What Is Bend Insensitivity?
An optical fiber consists of a core and a cladding. Although both of these regions are made from glass in telecommunications grade fibers, they are significantly different from each other. Each region is designed to capture light within the core and transmit it to the opposite end of the fiber. During this process, the light may follow many paths, depending on the angle at which the light hits the boundary, it is either reflected back into the core, or it gets lost into the cladding. Therefore, the light losses during transmission cause a weaker optical signal at the other end.
Optical fiber is sensitive to stress, particularly bending. When conventional fibers are bent tightly, some of the signal will leak out of the fiber at the site of the bend due to macrobend loss, which will results in system failure and unplanned downtime. Various attributes in the fiber determine when this occurs. The relative ease with which this happens is known as bend sensitivity. On the contrary, bend insensitivity is a positive feature that can provide for additional robustness and simplify installation of multimode fiber.
Introduction to Bend Insensitive Multimode Fiber (BIMMF)
Bend-insensitive multimode fiber (BIMMF) has an innovative core design that enables it to significantly reduce macrobend loss even in the most challenging bend scenarios. It is hence natural that bend insensitive multimode fiber can withstand tough treatment. The difference between traditional multimode fiber and BIMMF mainly lies in the fact that the BIMMF design can include an optical trench. This trench effectively improves the fiber’s macrobend performance by retaining more of the light that would have escaped the core of a traditional multimode fiber. So when compared with standard multimode fibers, BIMMF is proved to be a good candidate for loss and bend critical applications because of their higher immunity to bending losses, without loosing performances or compatibility to other standard high bandwidth multimode fibers.
Compatibility With Conventional Fibers
There is a lot of buzz around the issue of bend insensitive fiber— is it compatible with regular fibers? Can they be spliced or connected to other conventional fibers without problems? Modeling and testing on BIMMF has shown that an optimized BIMMF is backward compatible and can be mixed with non-BIMMF without inducing excess loss. Hence, BIMMF and MMF could easily be mixed in an optical channel without complicating the estimation of losses. Moreover, BIMMF may lead to higher tolerance to possible misalignments when two connectors are mated. This is an additional positive feature for 40 and 100 Gigabit applications.
In summary, a well-designed BIMMF complies with all relevant industry standards and adheres to the following:
BIMMF OM2, OM3 and OM4 multimode fibers are fully compliant and fully backward-compatible with all relevant industry standards.

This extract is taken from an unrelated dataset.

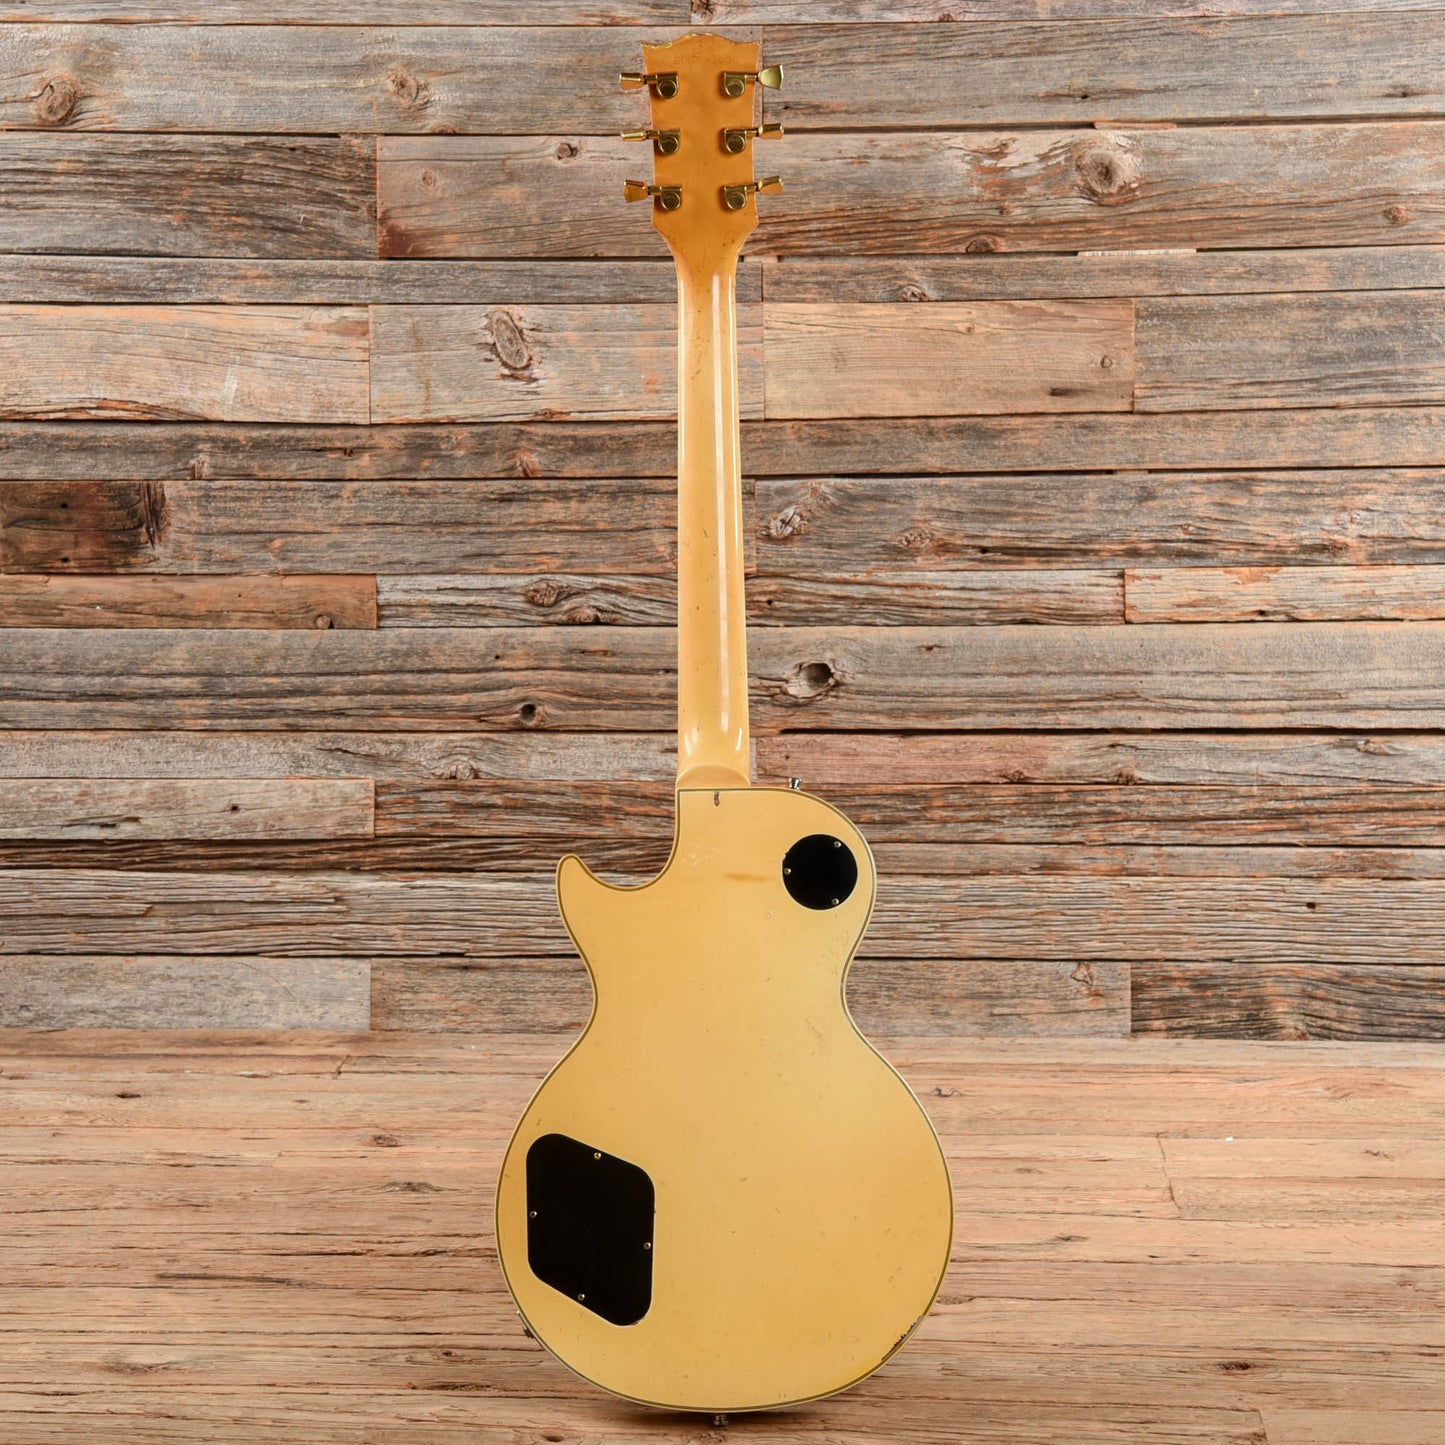 Gibson Les Paul Custom White 1989

BIMMF is fully backward-compatible and may be used with the existing installed base of 50/125um multimode grades including OM2, OM3 and OM4.
BIMMF may be spliced or connectorized to conventional 50/125um fiber types with commercially available equipment and established practices and methods, no special tools or procedures are required.
BIMMF not only meets all relevant macrobend standards, but sets a new level of bend performance.
Advantages of BIMMF
Bend insensitive multimode fiber is available in all laser optimized grades, OM2, OM3 and OM4, and exhibits 10 times less signal loss in tight bend scenarios and therefore protects enterprise and data center systems from unplanned downtime due to signal loss and associated significant revenue loss.
This fiber type offers extremely low bending loss at both the 850 and 1300 nm operating windows, while maintaining excellent long term fiber strength and reliability. The fiber can be installed in loops as small as 7.5 mm radius with less than 0.2 dB bending loss at 850 nm and 0.5 dB at 1300 nm.
In addition, bend insensitive multimode fibers enable new possibilities for cable and patch panel design to further improve the benefits of using fiber. Optical cable manufacturers can now design thinner, more flexible trunk cables, making for easier cable installation and further improving airflow in conduits, patch panels and racks. Due to the ability of the fib cable to be bent tightly with significantly less signal loss, connector modules can be made smaller which in turn leads to an increased density within racks and smaller racks.
Conclusion
Bend insensitive multimode fiber has been widely employed to enhance fiber management in data centers, high performance computing and enterprise LANs. Since it is a real advance to current standard multimode fibers, BIMMF is recommended for bend and loss critical applications. What should be noticed is that BIMMF also should be handled with appropriate care as all optical glass fibers.